Para entonces ya estaban hechos los preparativos, y los muchachos, yendo Tom delante, penetraron por el boquete. Llegaron trabajosamente hasta el final del túnel; después ataron las cuerdas y prosiguieron la marcha. A los pocos pasos estaban en el manantial, y Tom sintió correrle un escalofrío por todo el cuerpo. Enseñó a Huck el trocito de pabilo sujeto al muro con una pella de barro, y le contó cómo Becky y él habían estado mirando la agonía de la llama hasta que se apagó.
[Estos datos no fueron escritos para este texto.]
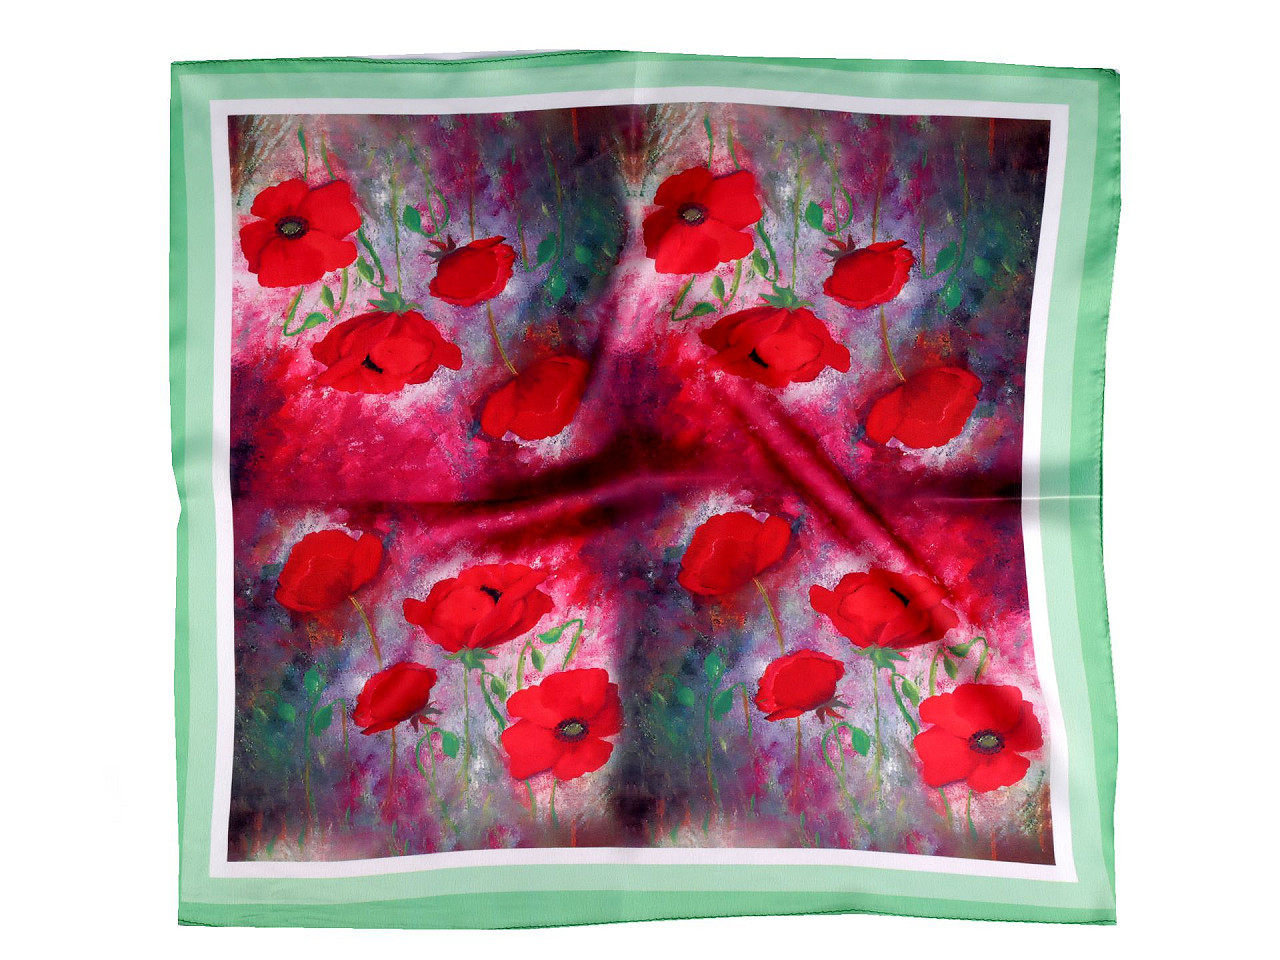 Saténový šátek 50x50 cm, barva 2 červenorůžová zelená

Siguieron hablando en voz muy baja, porque el silencio y la lobreguez de aquel lugar sobrecogía sus espíritus. Marcharon adelante y entraron después por la otra galería, explorada por Tom, hasta que llegaron al borde cortado a pico. Con las velas pudieron ver que no era realmente un despeñadero, sino un declive de arcilla de siete o diez metros de altura. Tom murmuró:

— Ahora voy a enseñarte una cosa, Huck.

— Levantó la vela cuanto pudo y prosiguió:

— Mira al otro lado de la esquina estirándote todo lo que puedas. Allí en aquel peñasco grande..., pintada con humo de vela...

— ¡Es una cruz, Tom!

— Y ahora, ¿dónde está tu número dos? «Debajo de la cruz», ¿eh? Allí mismo es donde vi a Joe el Indio sacar la mano con la vela.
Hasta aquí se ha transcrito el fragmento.